In so doing, Benton expressly overruled Palko v Connecticut 302 US 319 (1937), in which, under a state statute allowing appeal by the State in criminal cases, when permitted by the trial judge, for correction of errors of law, a sentence of life imprisonment, on a conviction of murder in the second degree, was reversed. Upon retrial, the accused was convicted of murder in the first degree and sentenced to death.
I will not, at this time, don my hat as a social scientist to discuss holding culture as the independent variable to explain variations in law. But justice, for the ordinary man, should reflect society’s sense of right and wrong and what ought to be.
In hearing of the Ministry of Justice’s plan, I am reminded of two cases. The persons – quite prominent – were arrested, and the usual howls of shock and disbelief in the media and back patios followed. These matters were in the courts for years as investigators ‘had not completed their investigations’. But the accused persons were required to continue the shameful, painful ritual of coming to court with their lawyers over and over to hear the same story.
Finally, the trial. And it took the juries little time to declare not-guilty verdicts. Both persons died shortly after. Which may have been a blessing as they were penniless – their life savings and loan funds transferred to the pockets of assorted lawyers.

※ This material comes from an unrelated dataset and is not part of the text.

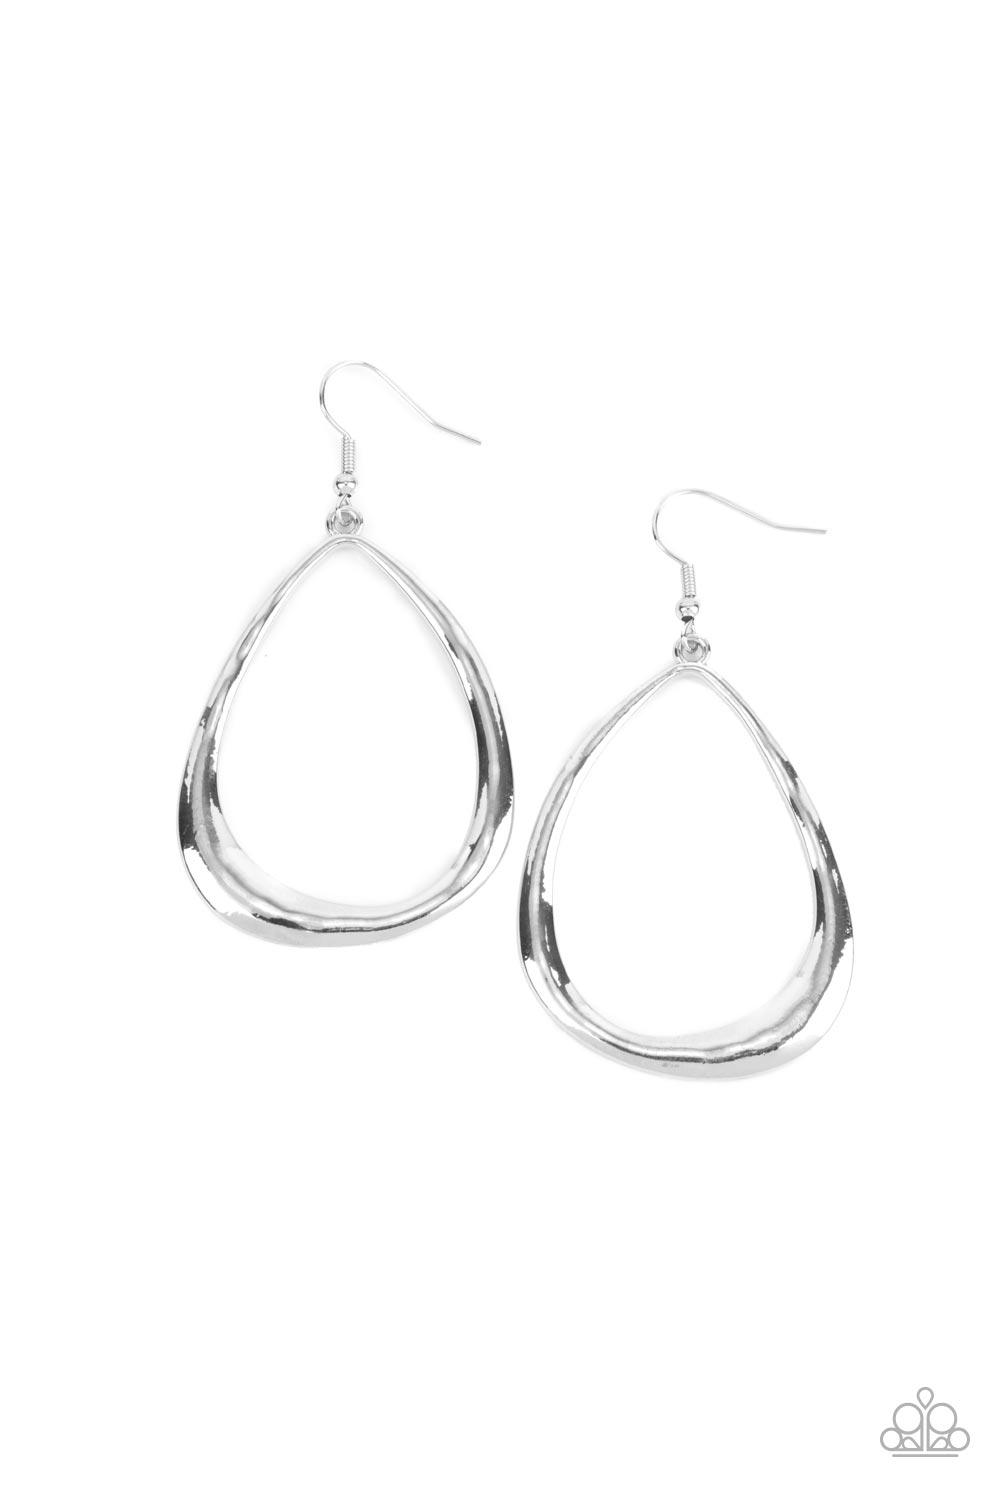 ARTISAN Gallery Paparazzi Accessories Earrings Silver
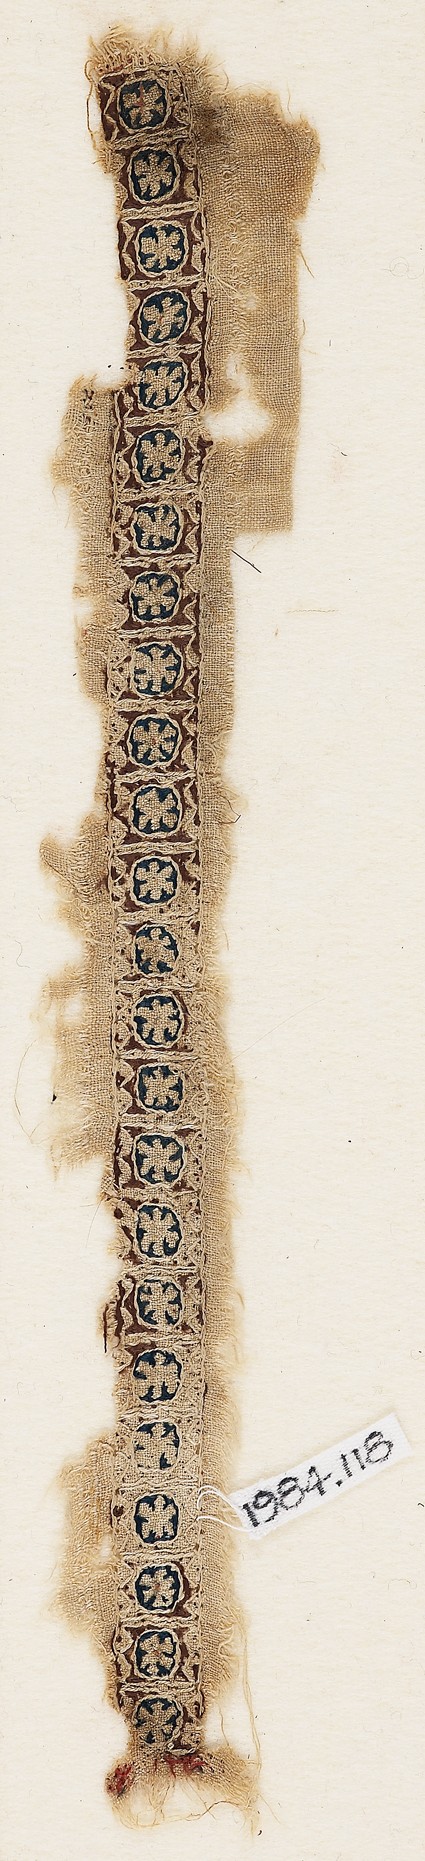 Textile fragment with circles and rosettesfront

not models of consistency, clarity
But Mr Chuck and Ms Llewellyn would want to have a second go at putting them through this hell again. Hell no! The public is just waking up to the many ways that continued chronic stress can kill you.
Perhaps it is because we are not all learned lawyers, but some decisions in our courts can hardly be characterised as models of consistency and clarity.
We have a habit of arresting and charging, then investigating afterwards. Everyone, including judges, is refusing to admit that this is a wasteful, cruel, costly practice in a country where to be arrested is to be guilty, not to mention the implications for corruption.
The present law not only protects the integrity of final judgments but, more important, protects the accused against the strain and burden of multiple trials.
The State, with all its resources and power, should be more professional and thorough in its operations and not be allowed to make repeated attempts to convict an individual – now broke and broken from the first trial – for an alleged offence, subjecting him to embarrassment, expense, and a continuing state of anxiety and insecurity.
Neither liberty nor justice would survive this decision.